The beauties of nature, revealed under the microscope. |
Everyone is concerned about the coronavirus. A social group I attend here in Toronto has cancelled all meetings until further notice. People are clearly panicked.
I have not commented on it yet, because I have no expertise in this area. In medical terms, my guess about it all is no better than the reader’s.
I read some “experts” saying this is all hype, that it looks no more dangerous, on the whole, then the average flu. I hear other experts saying this is the most serious public health risk we have seen since the Spanish flu pandemic in 1918-19. Whom do you believe?
And, for that matter, how much can they really know? Judgements are more difficult because it is happening in China, where government figures cannot be trusted.
On the one hand the reported ratio between number of cases and number of deaths does look to me as though this is not an especially dangerous infection. Just a fast-moving one. On the other hand, the Chinese government has now taken such drastic measures, quarantining the entire centre of the country, that it looks as though they know something we do not.
Without any medical knowledge, my knowledge of journalism, of politics, and of Chinese culture makes me think it is probably not time to panic.
Experts always have a vested interest in predicting the most dire consequences. It makes their expertise more marketable. It gains them attention and prestige.
The media always have a vested interest in predicting the most dire consequences. It sells papers, it generates clicks.
And the Chinese government?
Face matters a lot in China. The authorities are surely still smarting from criticism over their handling of SARS. They are vulnerable to criticism for downplaying and suppressing news of the early stages of the present outbreak.
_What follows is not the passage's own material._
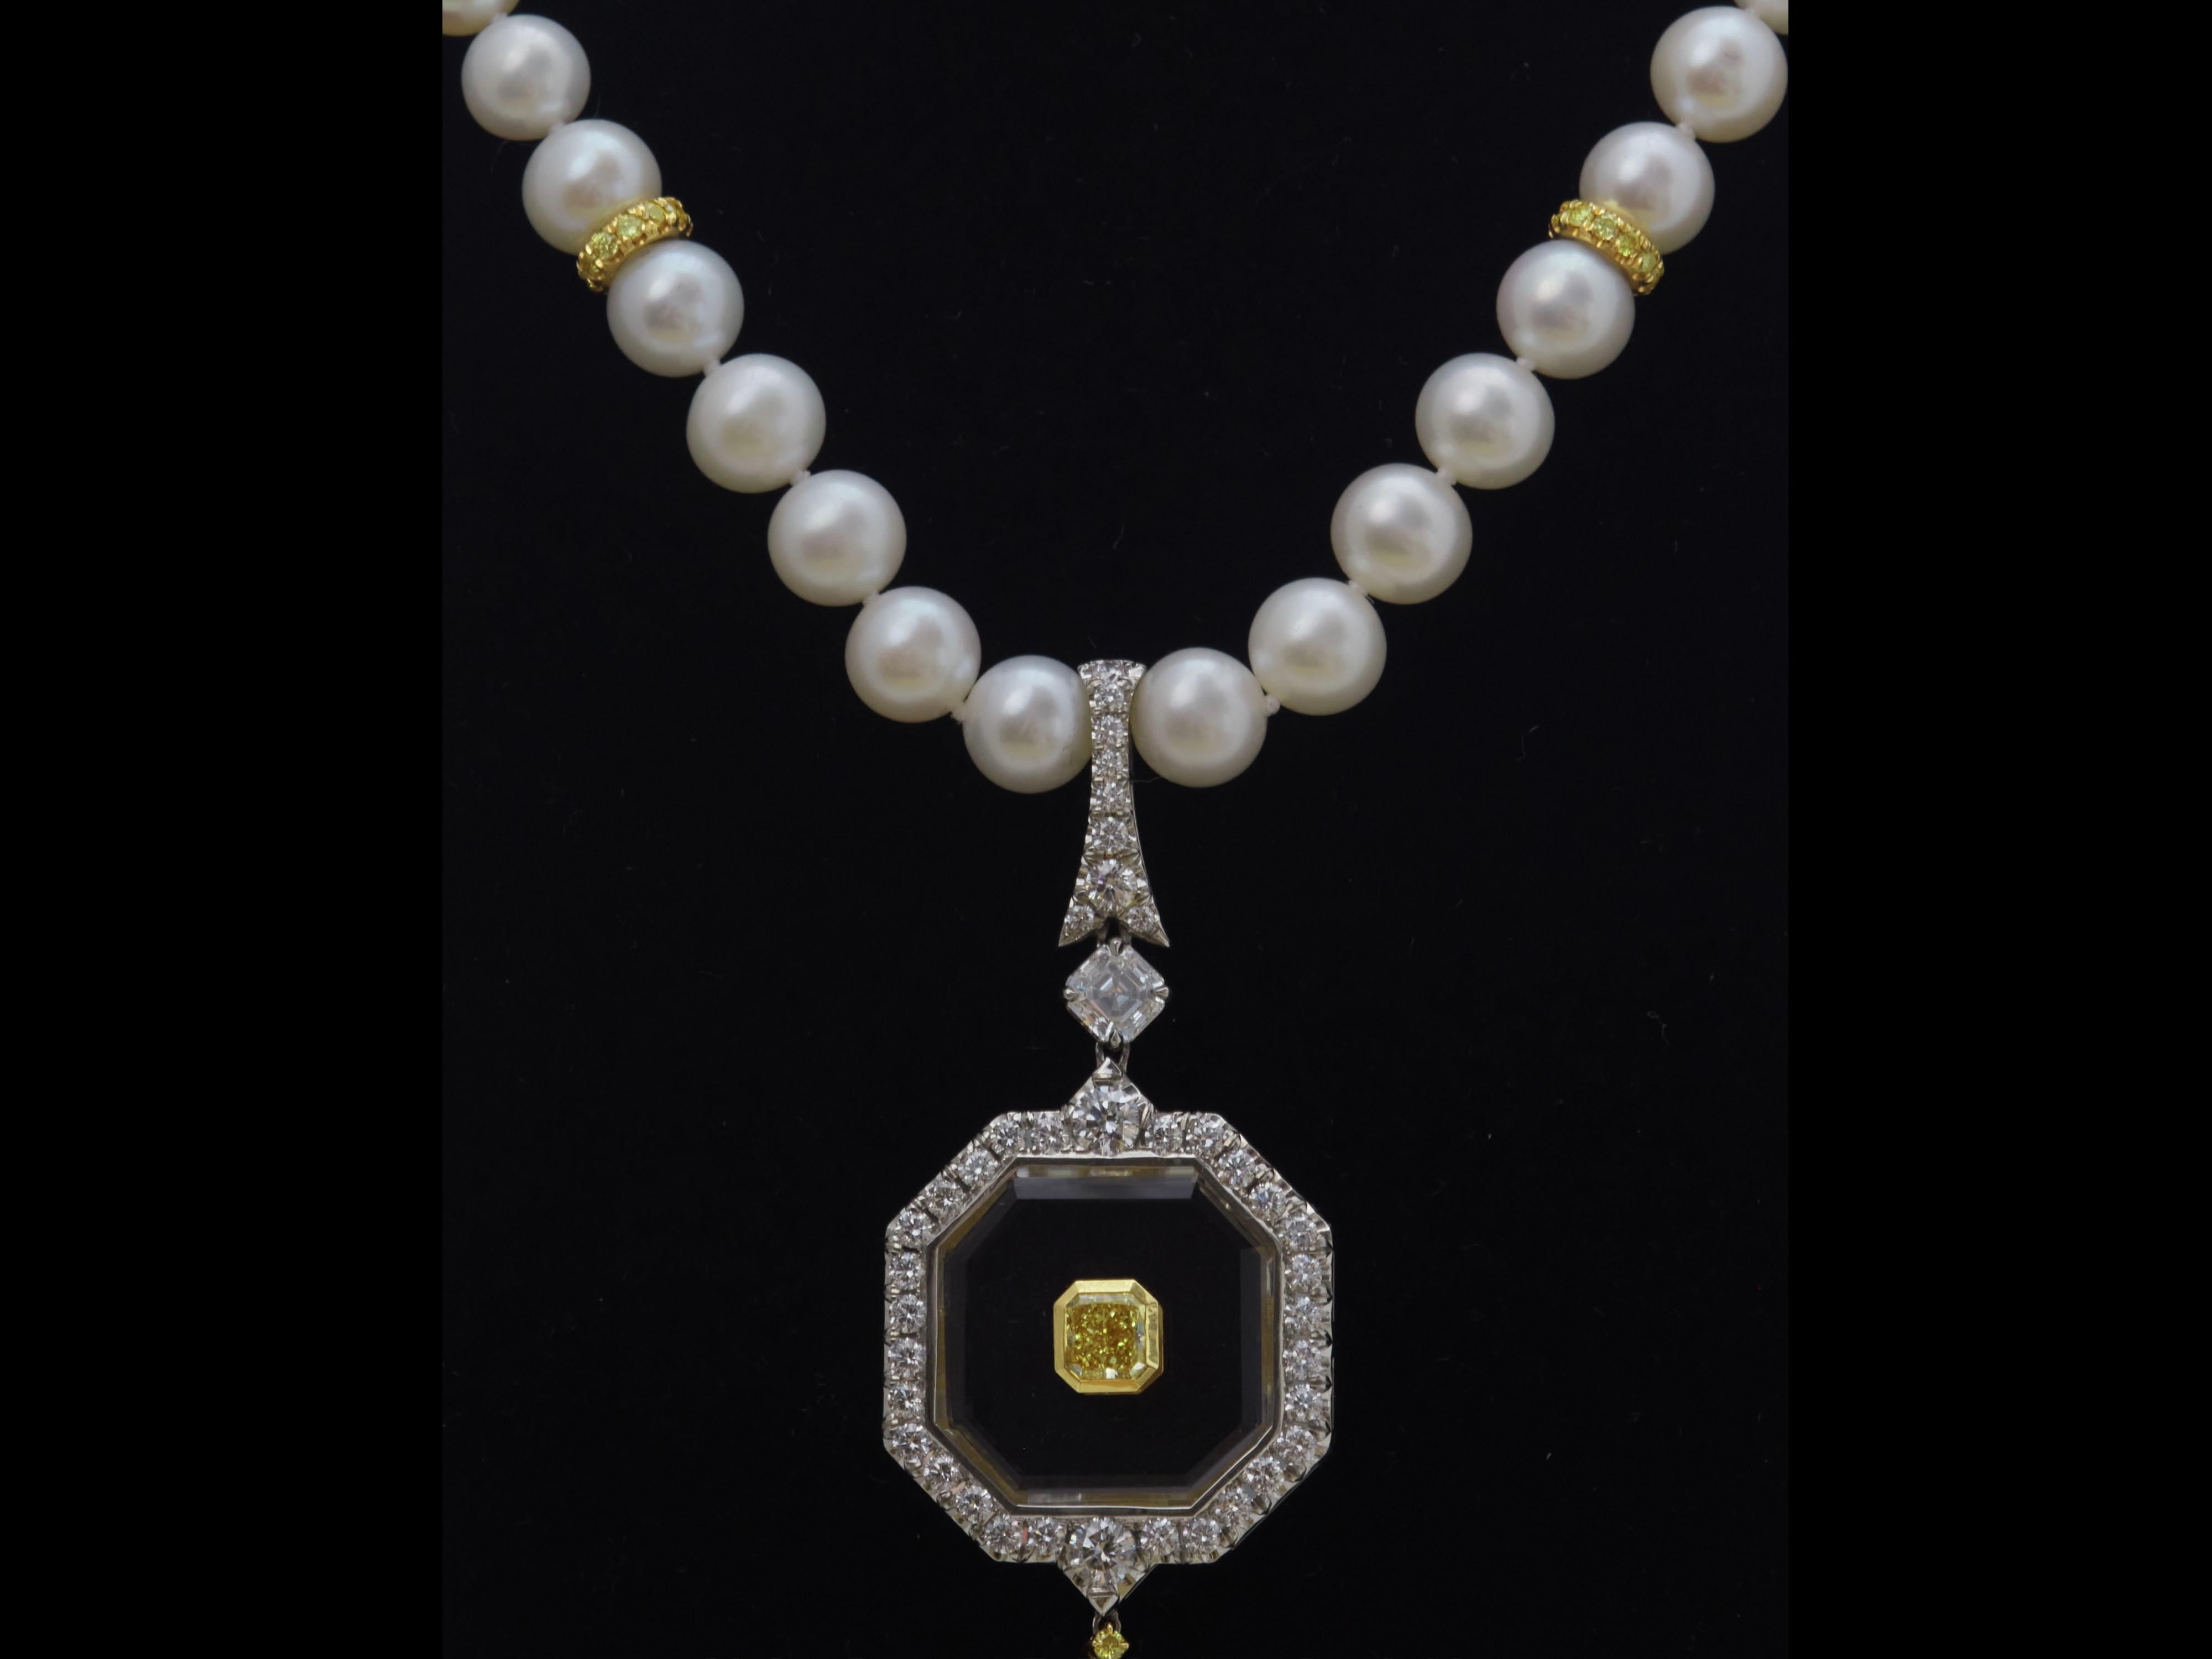 Radiant Cut 10.36 Carat Vivid Yellow & White Diamonds & Pearls Tassel Necklace, 18K Gold For Sale

And so it would be natural for them to now overreact dramatically to try to prevent such criticism. “Look at how seriously we took it! We did everything we could!”
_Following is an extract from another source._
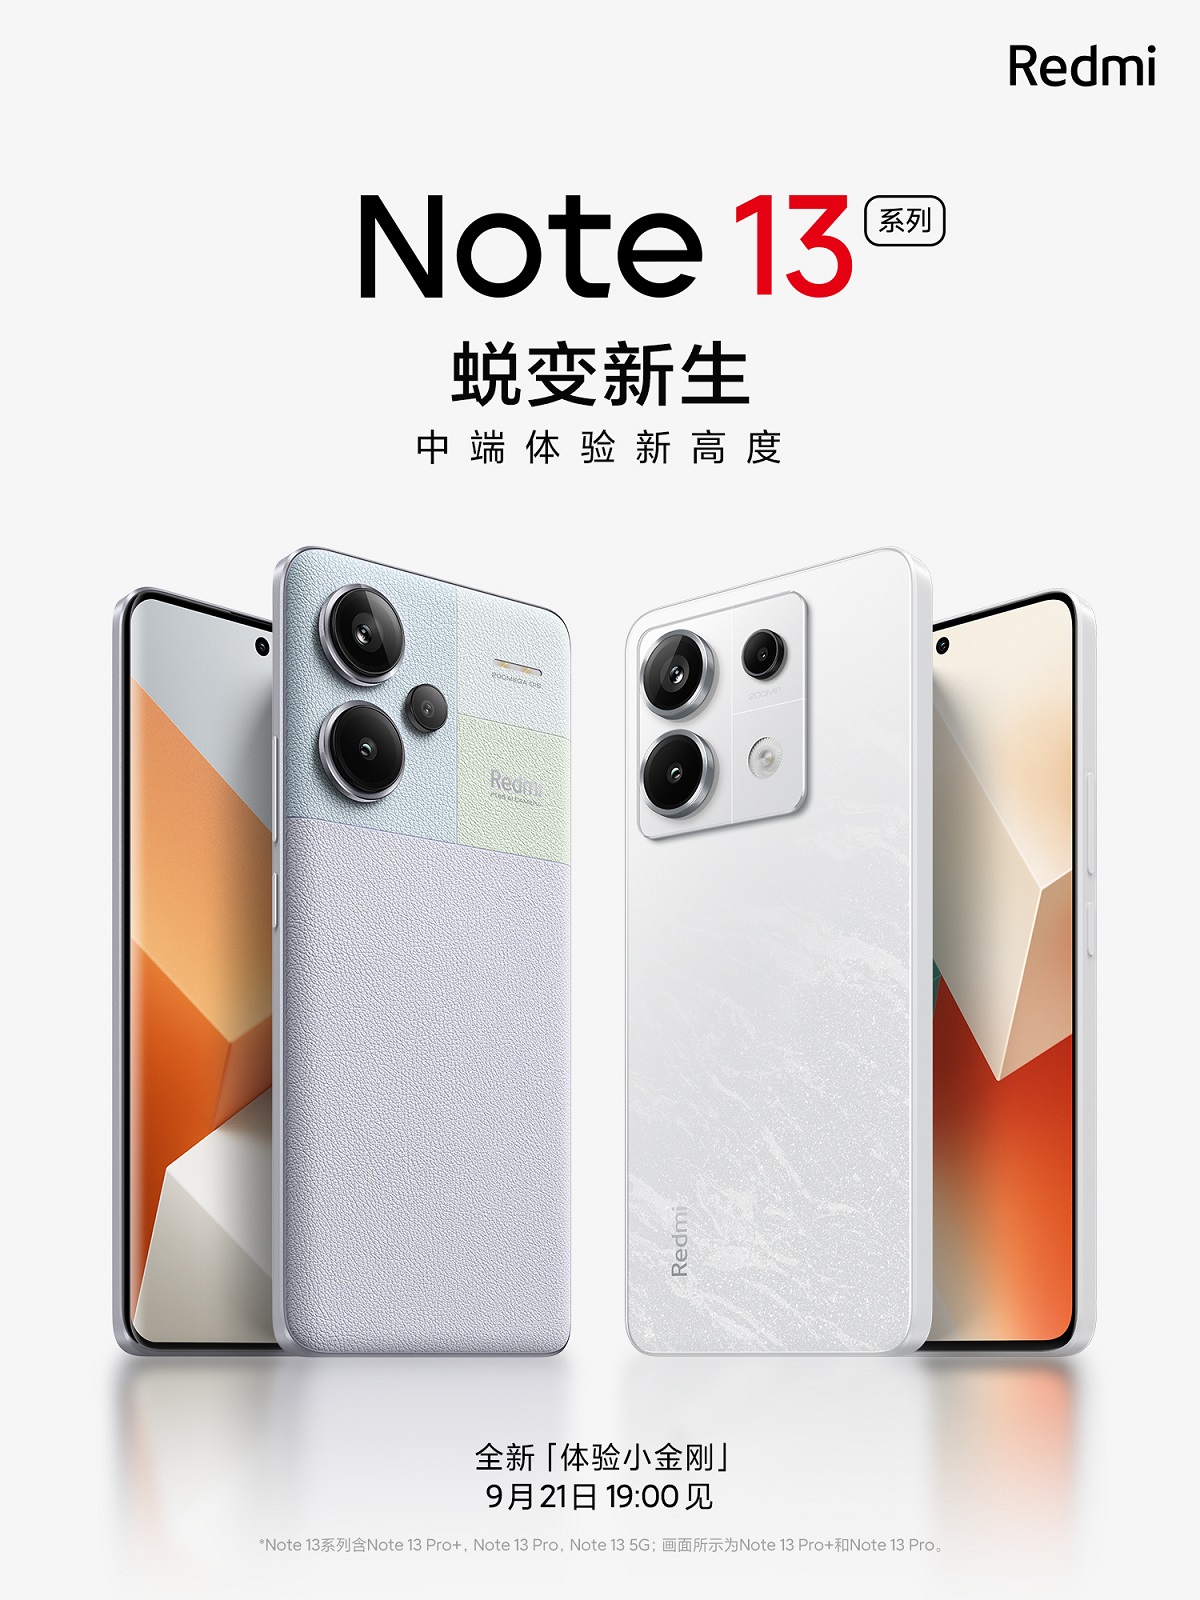 Redmi Note 13 Pro+ и Note 13 Pro

There is no reason to suppose that, because a government does something, it was the right thing to do in medical terms, as opposed to the right thing to do in political terms.
And there is more. Traditional Chinese philosophy is that a government’s legitimacy is based on the “mandate of heaven.” What is below reflects what is above. If, then nature seems to be hostile, if there is some great natural disaster, this suggests that the government has been improperly reading the will of heaven, and has lost the mandate to rule.
This still applies; it is why the first instinct was, with coronavirus as with SARS before it, to deny anything serious was going on, and to suppress the news. Because the very existence of the epidemic reflects badly on the government.
Things were looking shaky already, with the protests in Hong Kong, the trade troubles with the US, and disappointing economic figures.
The extreme measures now being taken may have less to do with stopping the virus, than with making a show of force to discourage rebellion. The government is demonstrating its raw power, and just how ruthless it is prepared to be, if challenged.
Still, this smacks of desperation. Because now, however serious the virus turns out to be, the government quarantine will case a big economic hit. And, if the virus turns out not to be particularly deadly, or mutates into something less harmful, they risk looking foolish and panicked.
This suggests how fragile they think their position is. Intimidation is, in their minds, the only card they have left to play.